大地懶驚覺危機,猛地偏頭躲閃,匕首擦著眼瞼劃過,帶出一溜血花。
吃痛的巨獸發出震耳咆哮,瘋狂甩動頭顱,江寒被甩得騰空而起,危機關頭,他突然甩出手臂上的鬼藤。
鬼藤宛如有了靈性般般迎風暴漲,轉眼就成了七八米的暗紅絞索,帶著破空聲纏繞住大地懶的脖頸!藤身鱗片倒豎,竟如活物般往皮肉裡鑽。

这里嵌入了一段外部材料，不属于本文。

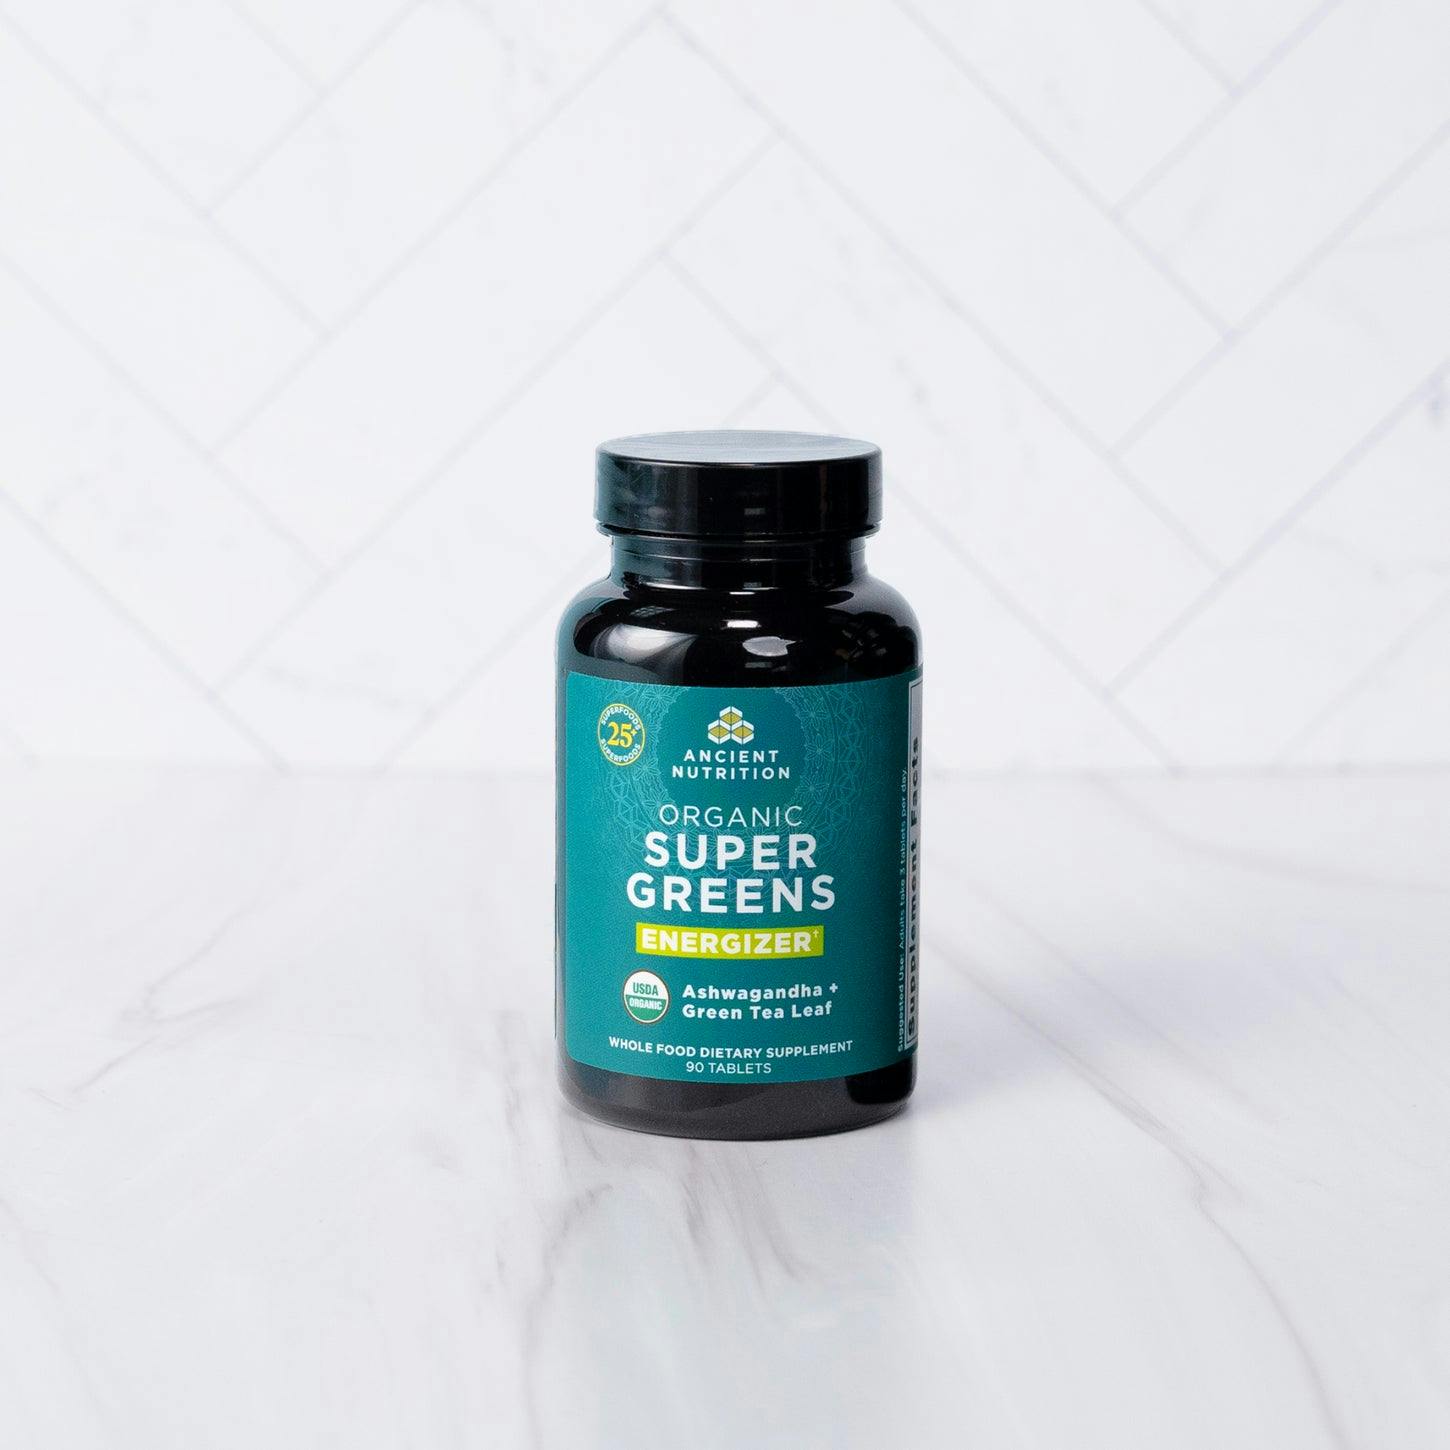 Organic Super Greens Energizer Tablet on a marble countertop
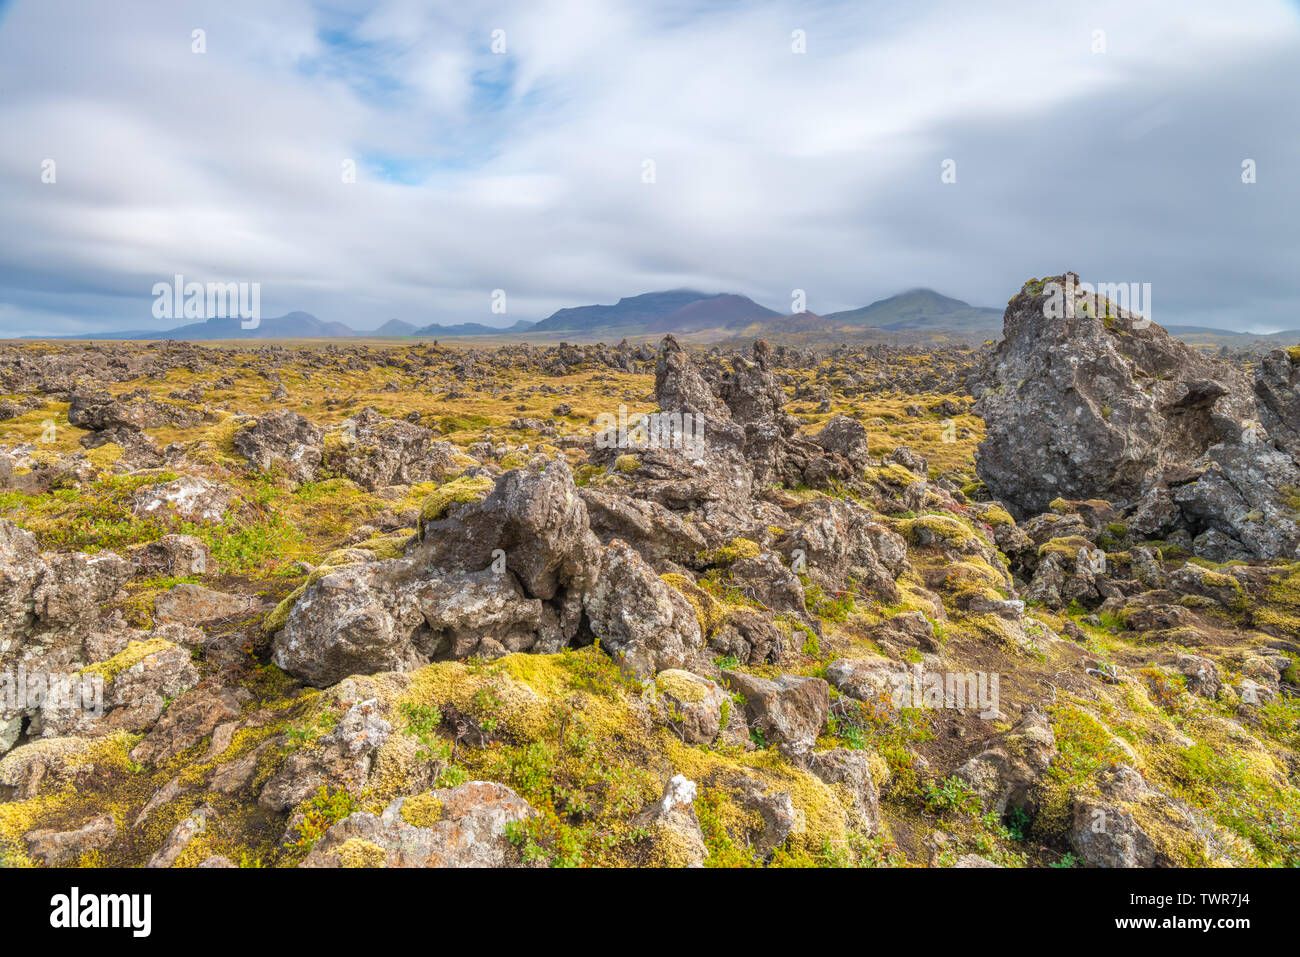 Lunar landscape of dark volcanic rock field, grass and moss carpeting the ground, and dark gloomy mountains in the background. Lord of the Rings scape Stock Photo

大地懶的咆哮頓時變成窒息般的嗬嗬聲,瘋狂用爪子抓撓頸間的束縛。
而江寒如靈猿般再次攀上巨獸後背,雙腿死死夾住大地懶的肩胛,左手揪緊鬃毛固定身體,右手幽光匕首泛起蓄力完成的暗芒!
噗嗤!
匕首齊根沒入渾濁的巨瞳。大地懶發出驚天動地的慘嚎,整個身軀人立而起,發瘋般撞向旁邊的參天古樹。
“江寒!”
“江寒哥!”
金泉父子倆臉色驚變,可他們隻是普通人,什麼都做不了。
於大爺受傷不輕,身上的鐵青之色已經退去,夏初受傷最重,奄奄一息,能不能活下來都夠嗆。
江寒在巨獸瘋狂撞擊前鬆手躍下,落地翻滾卸去力道,他喘息著抬頭,隻見大地懶獨眼淌著黑血,脖頸仍被鬼藤死死纏繞。
轟隆!
大地懶那小山般的身軀轟然倒地,震起滿地落葉。
鬼藤如血蛇般遊回江寒臂上,鱗片間還掛著碎肉,但卻輕輕一抖,變得乾淨如初,隻是那藤身上的紅色更暗了一分,乖乖纏住江寒的手臂不動了。
……
……
傍晚,天色漸漸暗了下來。
金泉父子默契地站起身,去收集柴火,就地搭建了幾個簡易的小帳篷,頂上鋪著落葉,勉強能夠遮風擋雨。
等待篝火升起時,江寒拎著一條大地懶的大腿走了過來。
光是一條後腿,就比成年男子還要粗壯,少說也有四五百斤重,拖行時在泥地上犁出深深的溝壑。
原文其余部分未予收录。